5. What Montana Could Learn From Other States
These are not recommendations—just grounded policy alternatives drawn from what other states have tried.
A. Introduce a Modest Wholesale Tax
Many states spread the tax burden across the supply chain.
- Colorado taxes retail cultivation but exempts medical transfers (C.R.S. 39-28.8-302).
- Nevada imposes a 15% wholesale tax on the first sale (NRS 372A.290).
- Illinois imposes a 7% cultivation privilege tax (410 ILCS 705/60-10).
A small wholesale tax could reduce sticker shock at retail without reducing total revenue.
B. Reevaluate the 20% Adult-Use Rate
Montana’s rate is high for a rural state with limited population density. A reduction to 15% would still place Montana above national averages but could improve competitiveness and reduce illicit market incentives.
C. Allow More Local Flexibility
Some states allow municipalities to adjust rates based on local conditions. Montana’s flat 3% cap limits local experimentation.
D. Strengthen Medical Protections
Several states exempt medical cannabis entirely.
- Delaware: “The retail sales tax is not imposed on the sale of medical marijuana products…” (4 Del. C. § 1382).
- Florida: “Marijuana and marijuana delivery devices are exempt from the taxes imposed under this chapter” (Fla. Stat. § 212.08).
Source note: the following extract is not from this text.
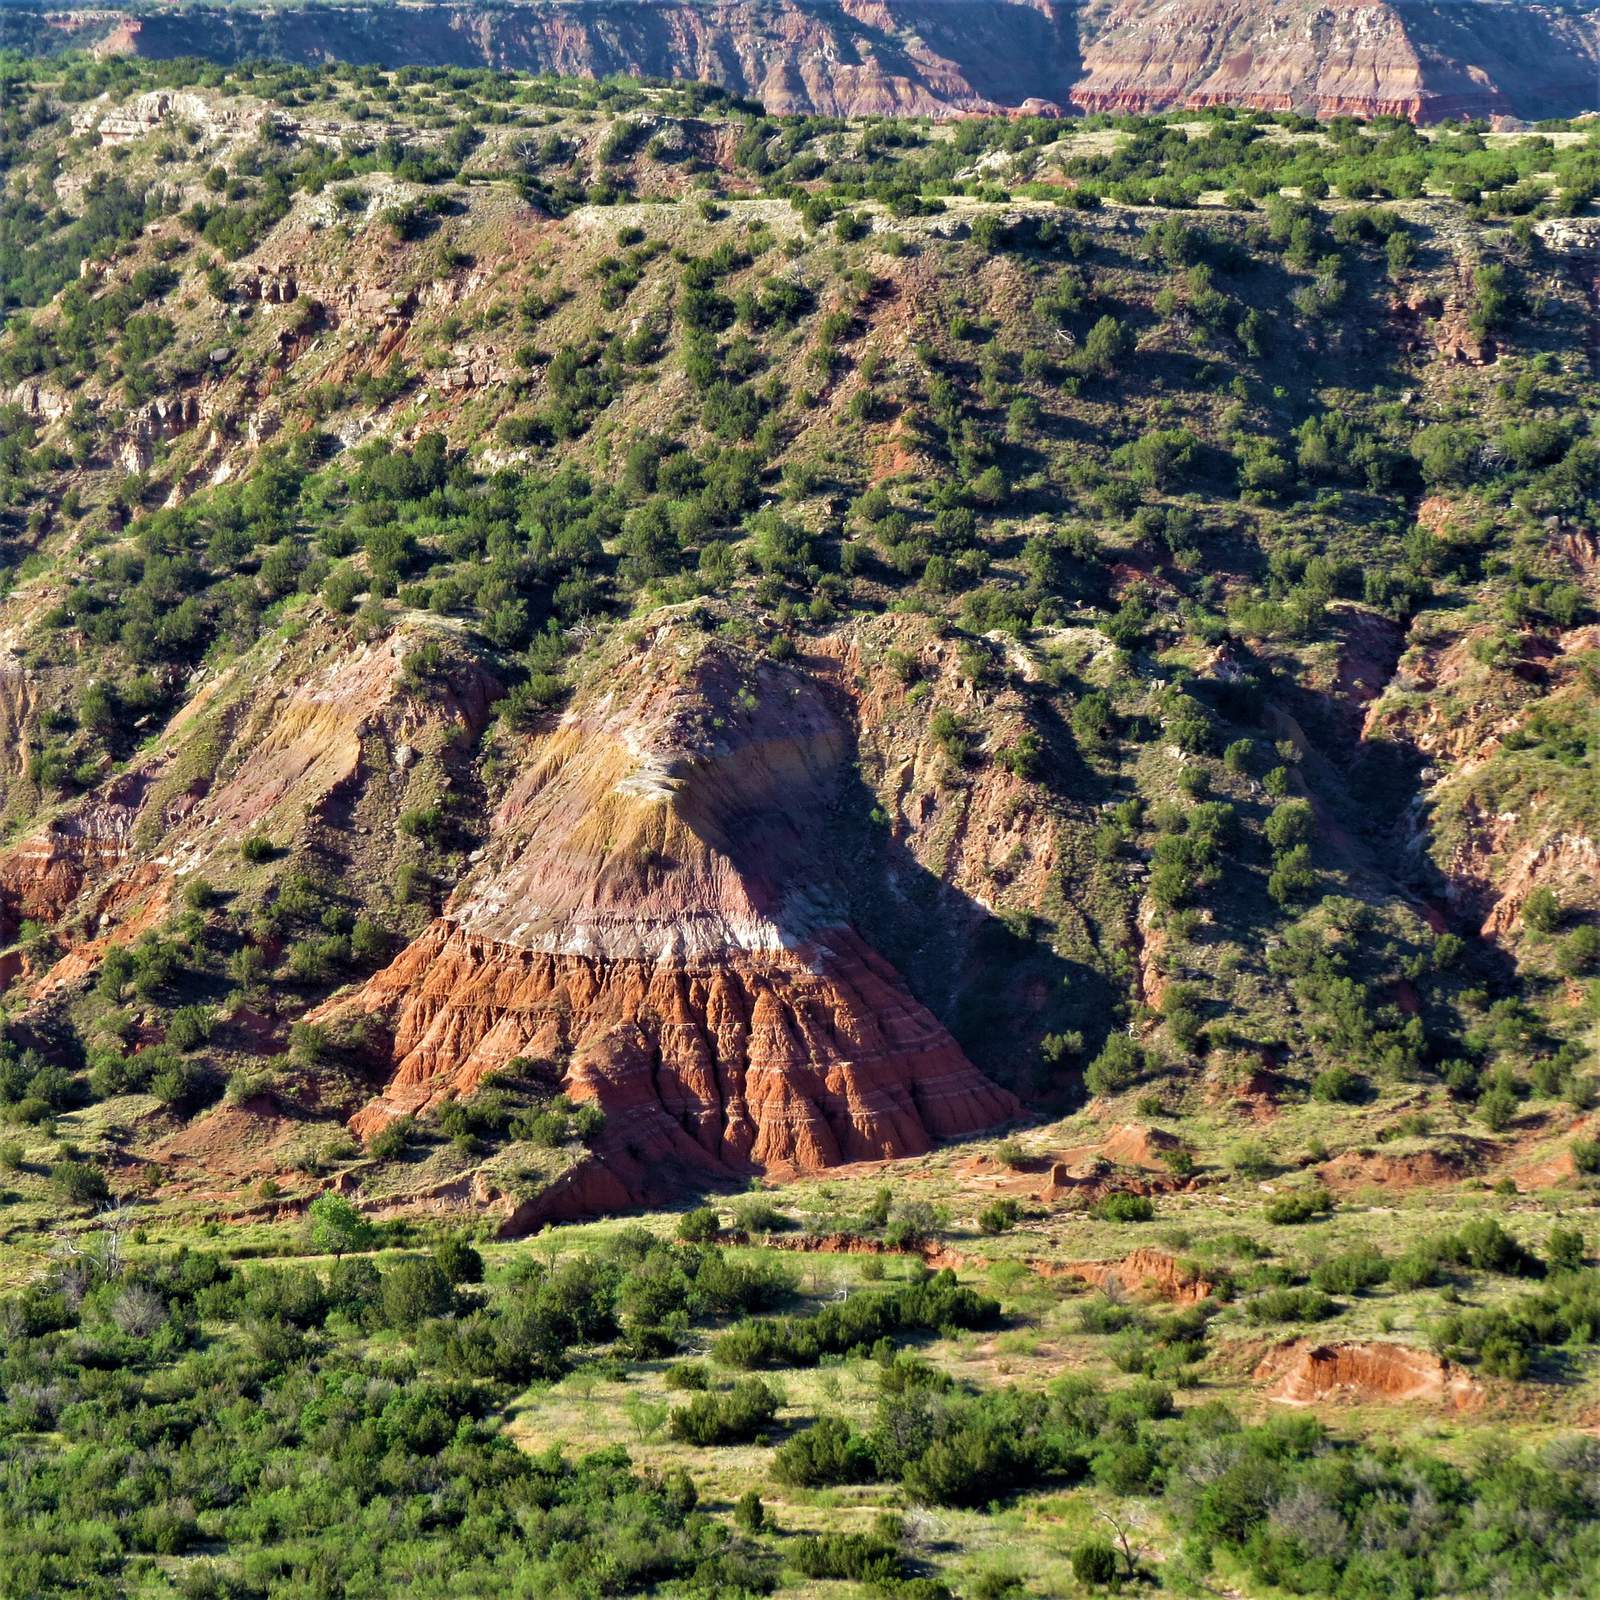 Texas travel: Plan a road trip to Palo Duro Canyon

Montana’s 4% rate is low, but not zero.
6. Final Thoughts
Montana’s cannabis tax system is simple, predictable, and easy to administer—but it is also one of the highest retail tax burdens in the country, especially for a rural state with a small consumer base. Compared to other states, Montana’s model is closer to California and Washington than to Colorado or Michigan, and that has real consequences for market stability.
The next few years will reveal whether Montana’s high-rate, retail-heavy structure can sustain a healthy legal market—or whether adjustments will be needed to prevent further consolidation and business failures.